5.1. Fiber Optic Reflectance Spectroscopy (FORS)

Two instruments were employed for analysis of Cypriot paintings and natural minerals using principles of reflectance spectroscopy.
  • A field-deployable spectroradiometer, the ASD Inc. Fieldspec 3, operating between 350–2500 nm, was used to collect reflectance spectra of Cypriot paintings, pigment pellets, and natural minerals. Its hand-held contact probe with a flexible optical cable provided spot size collection of 10 mm diameter. The high spectral resolution (3 nm at 700 nm, 10 nm at 1400/2100 nm) allowed material identification of minerals in relatively pure applications as well as separation of constituents in pigment mixtures in the surface decoration of the wall paintings by analysis of characteristic electronic transitions and vibrational absorptions in the reflectance spectrum.
  • A hand-held Miniscan EZ Colorimeter from Hunterlab, operating from 400–700 nm, was used for the characterization of standard red and yellow earth pigments from Cyprus.
Analysis of the FORS data in reflectance and 1st and 2nd derivatives of the reflectance spectra, with comparison to reference spectra in spectral libraries and of local minerals, provided determination of diagnostic absorption and inflection values to separate spectral signatures and identify constituent materials in multiple pigment layers and mixtures.

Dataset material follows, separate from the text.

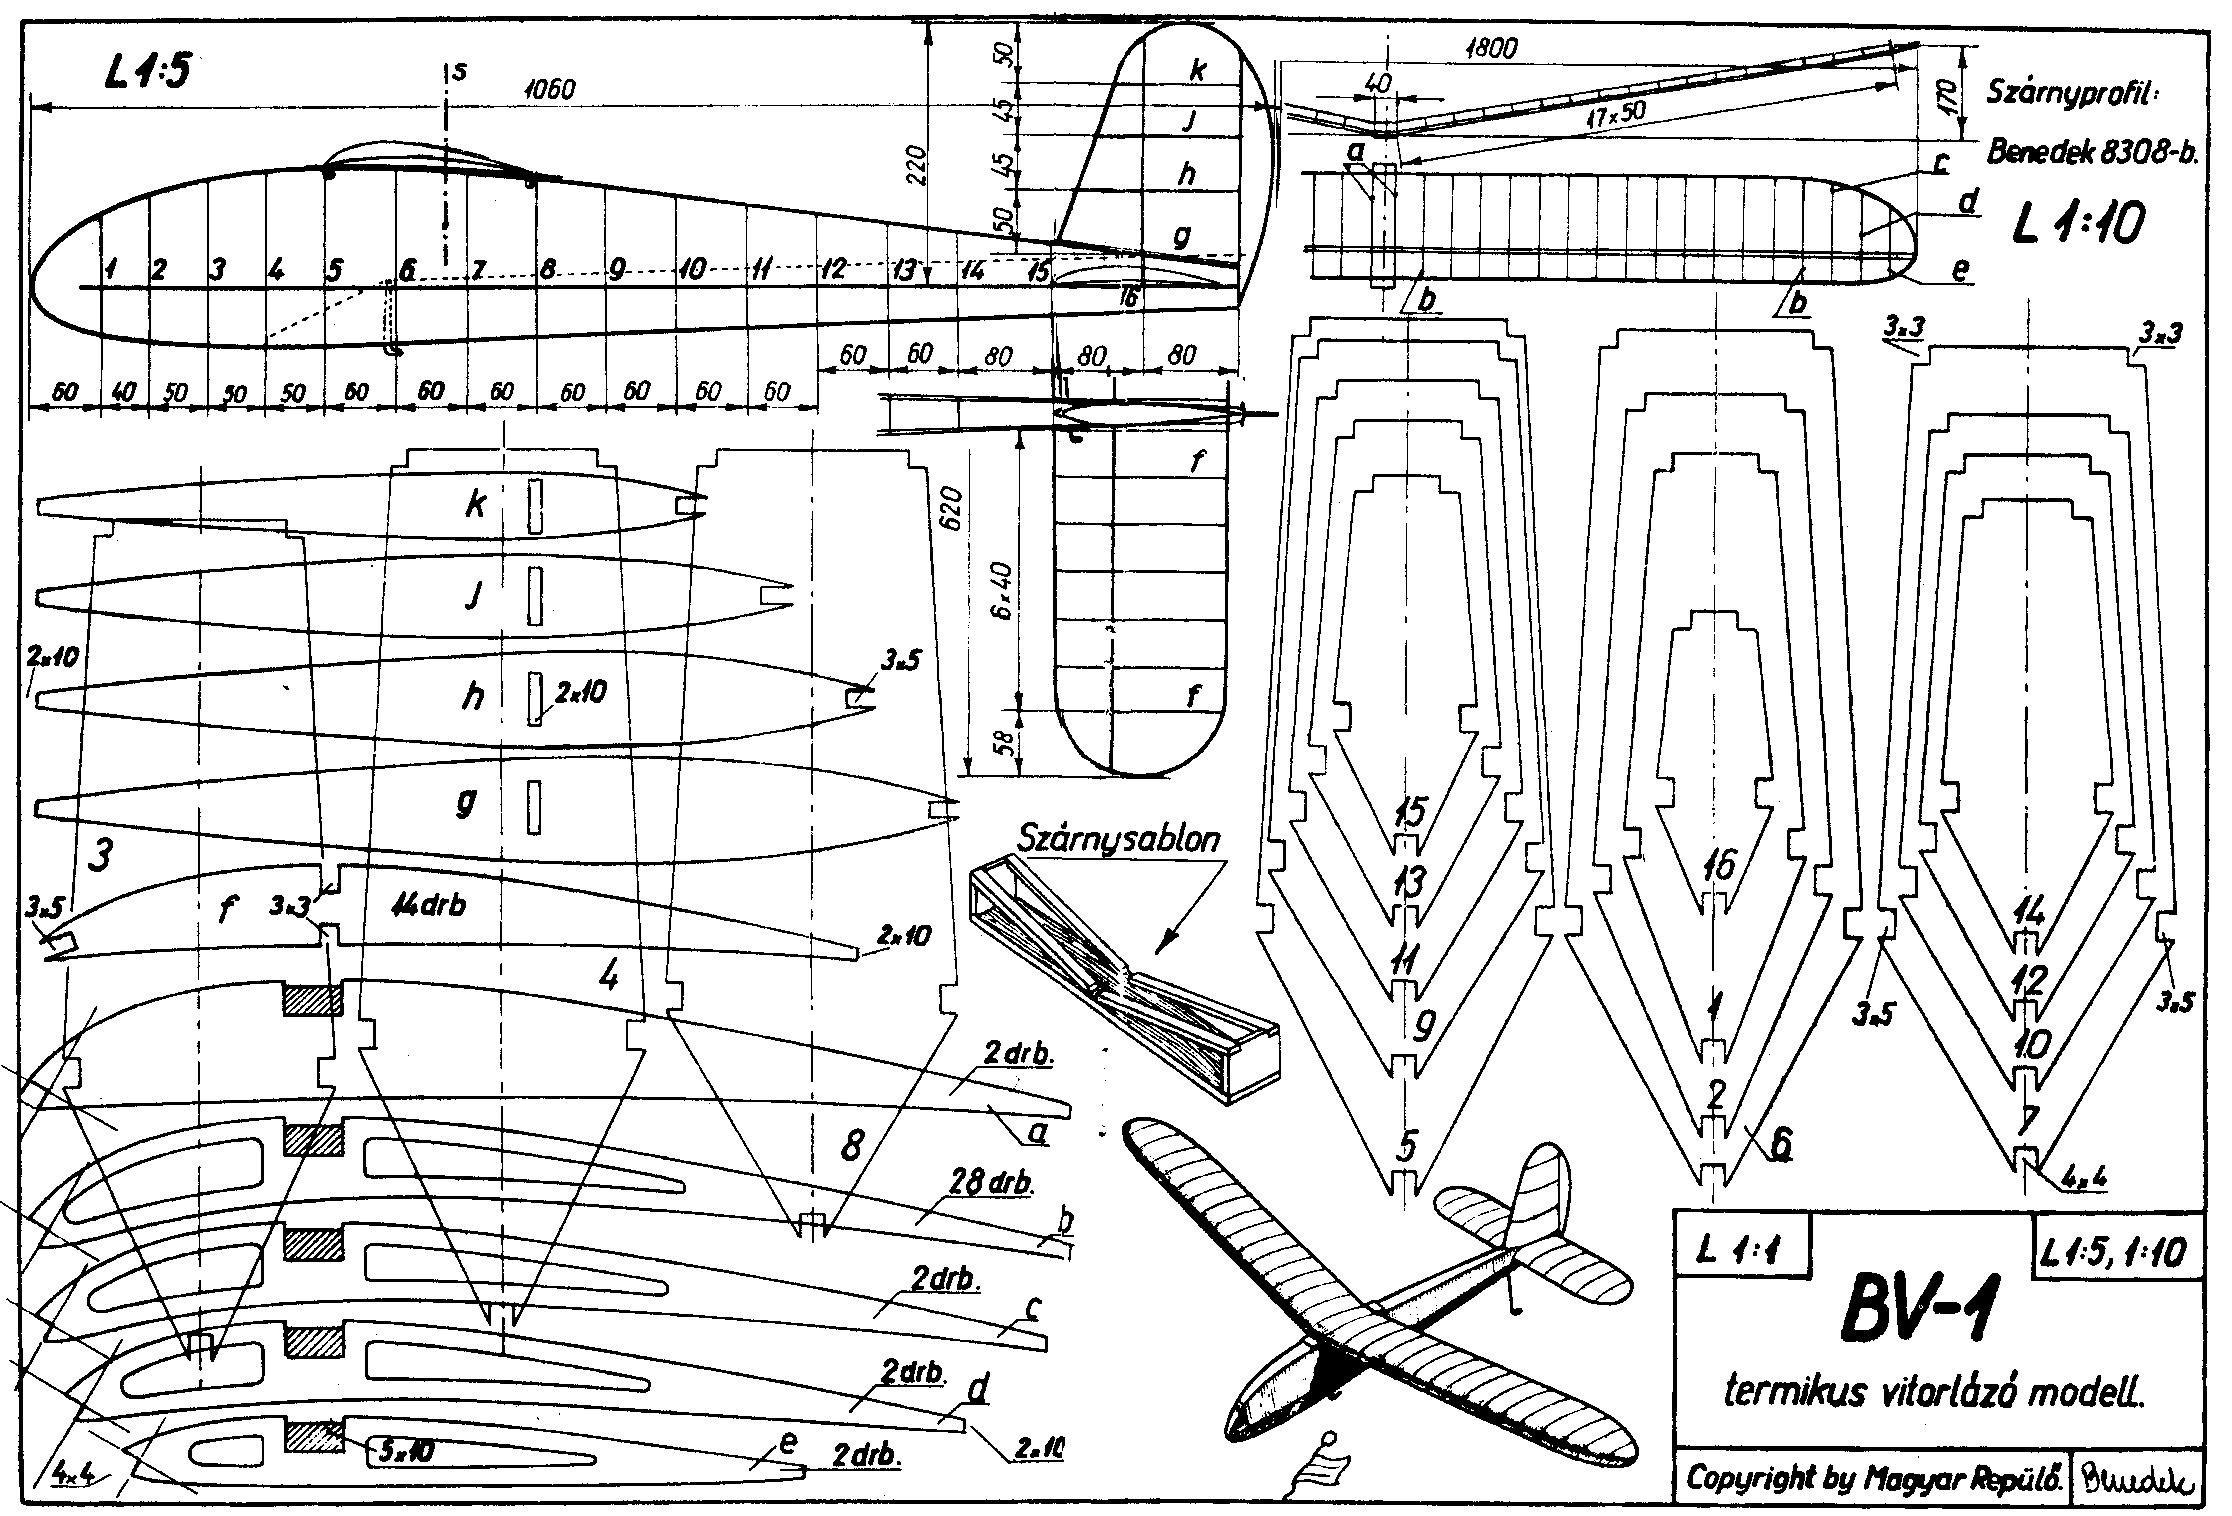 BV-1 termikus vitorláyó modell
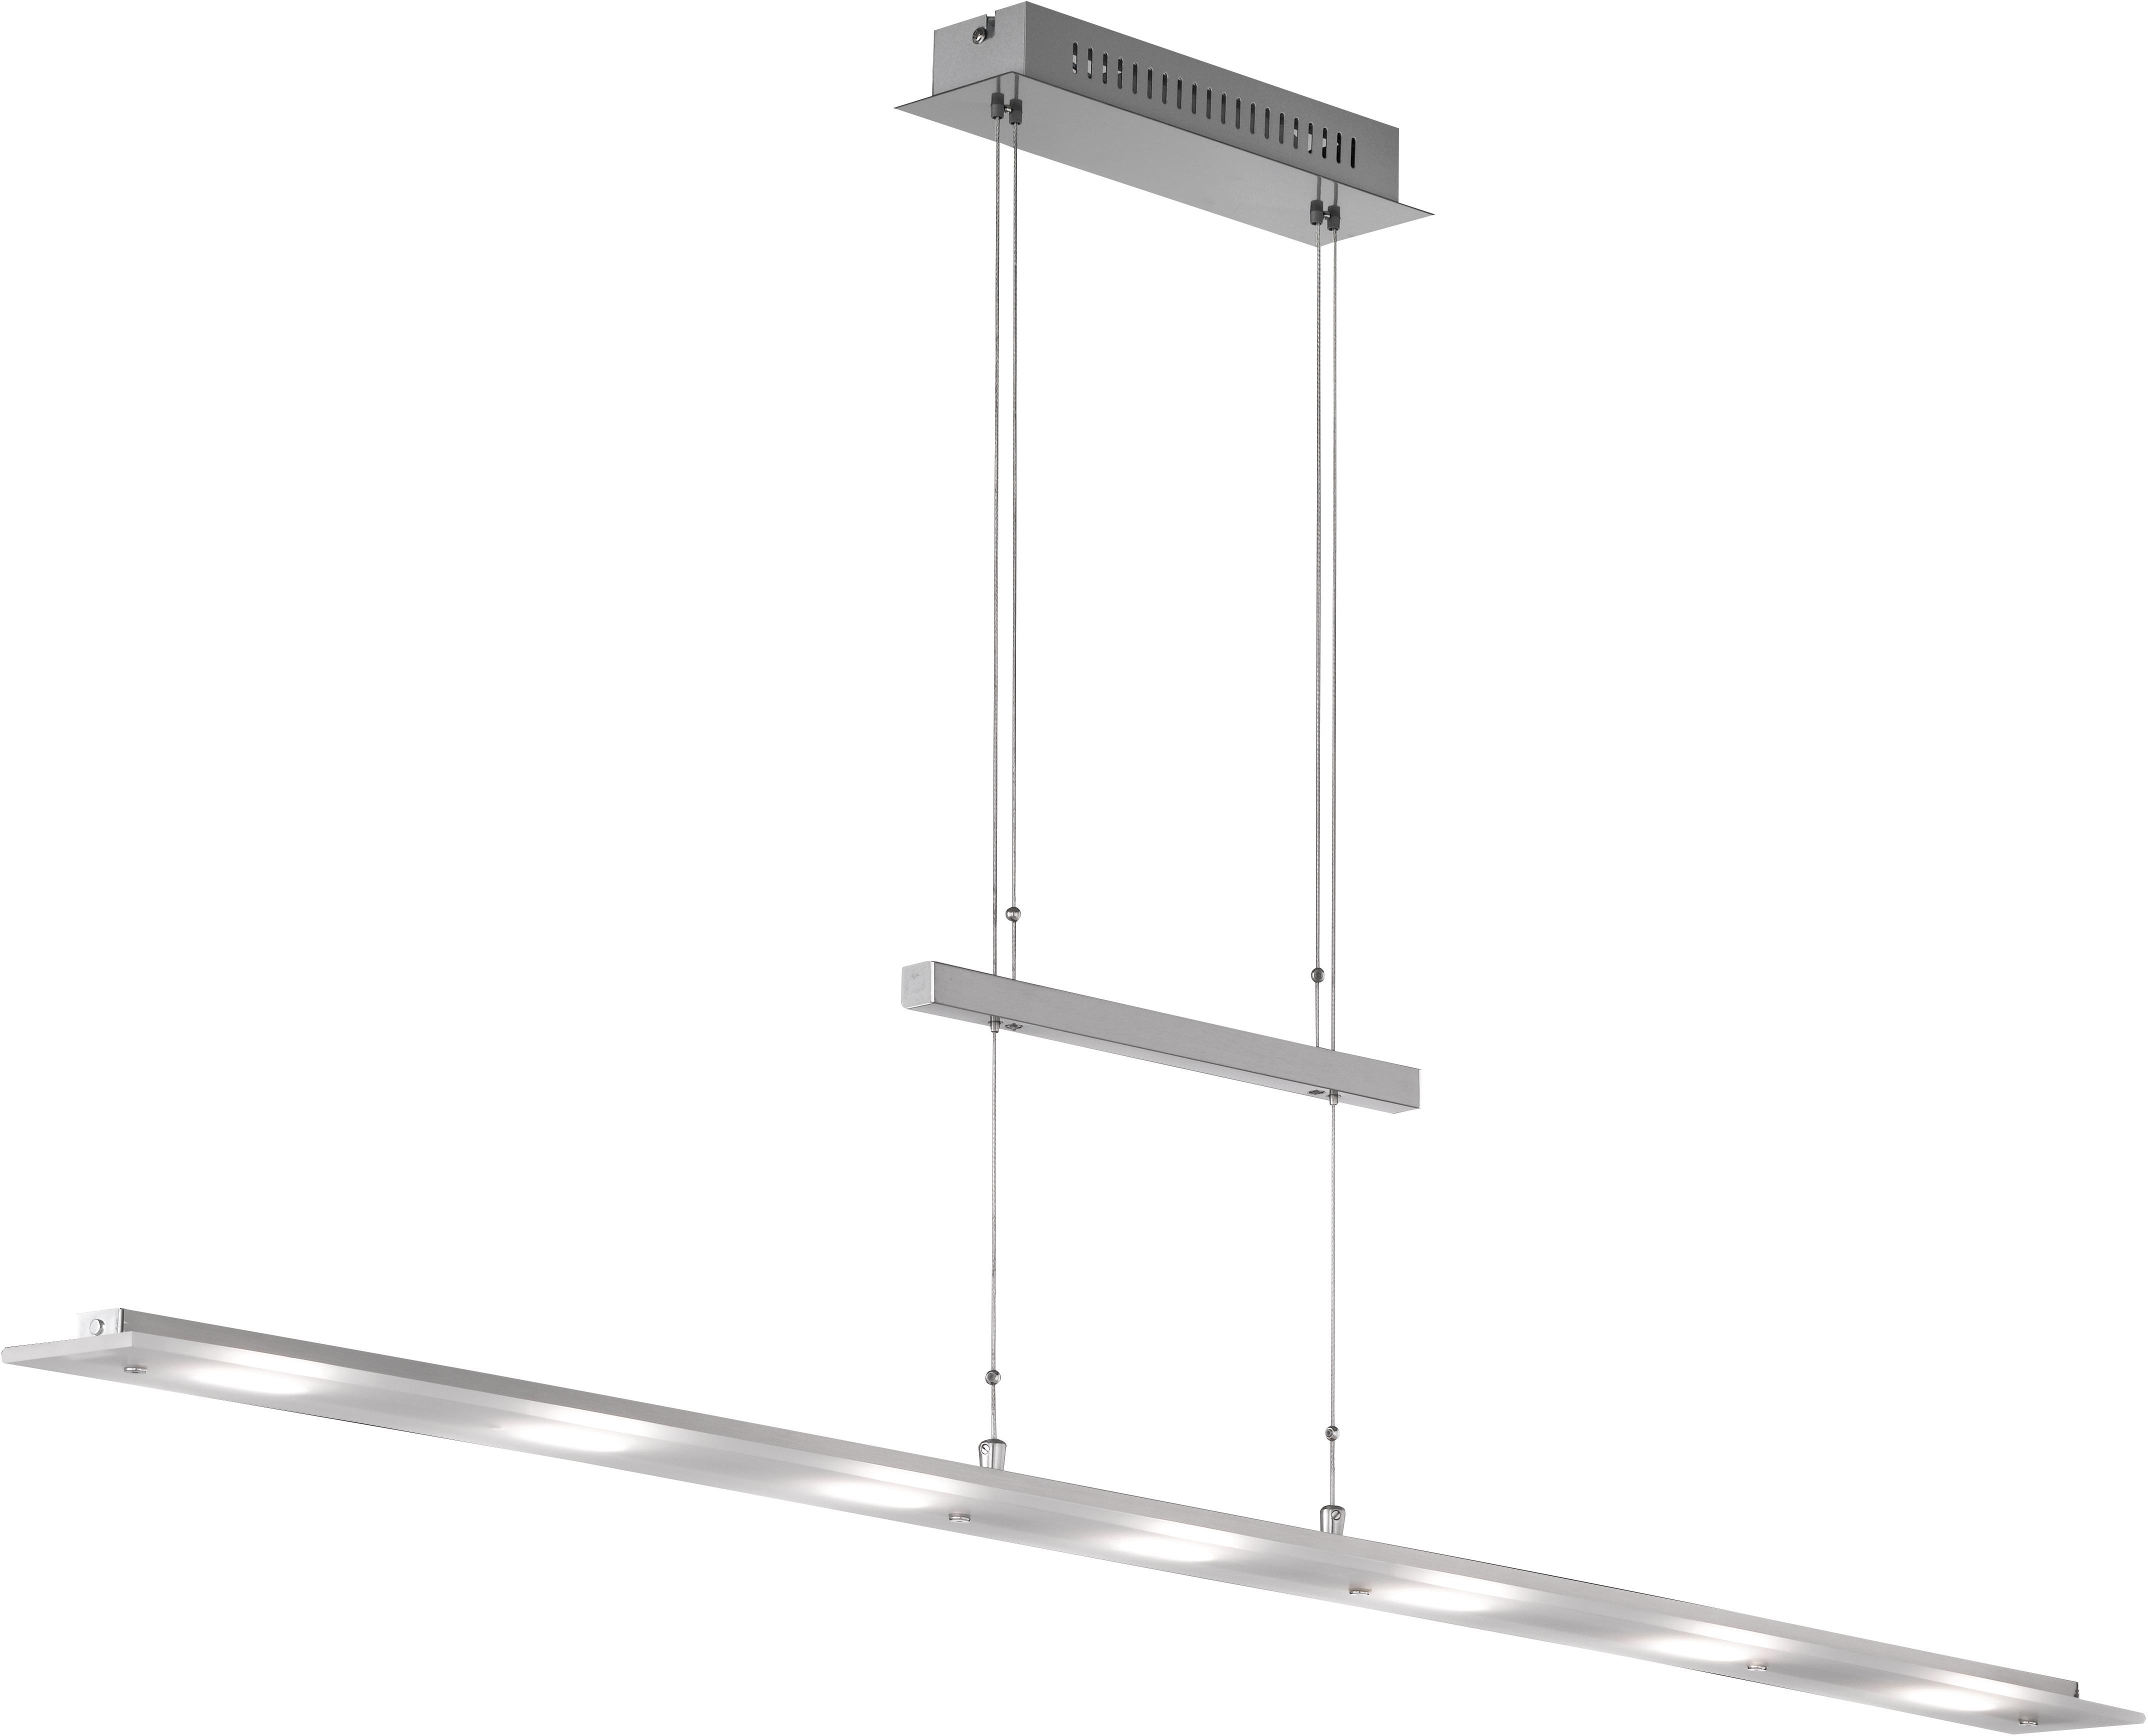 FISCHER & HONSEL LED Pendelleuchte Largo, LED-Modul, Warmweiß-Neutralweiß

5.2. X-Ray Fluorescence Spectroscopy (XRF)

Elemental analysis was performed by a hand-held Thermo Scientific Niton® XL3t GOLDD + X-ray fluorescence (XRF) spectrometer with a silver anode (50 kV, 200 μ A). Data was collected using the soil and mining modes at 90 s and 120 s, respectively, with a spot size of 8 mm diameter. Analysis utilized internal pre-set Fundamental Parameter and Compton Normalization calibrations.

5.3. Optical Microscopy (OM)

Optical microscopy was performed with a Plugable USB2 Digital Microscope. This portable, lightweight, hand-held microscope was attached to a laptop and provided imaging at maximum magnification of 250x, allowing visualization of large mineral grains and preliminary assessment of pigment mixtures.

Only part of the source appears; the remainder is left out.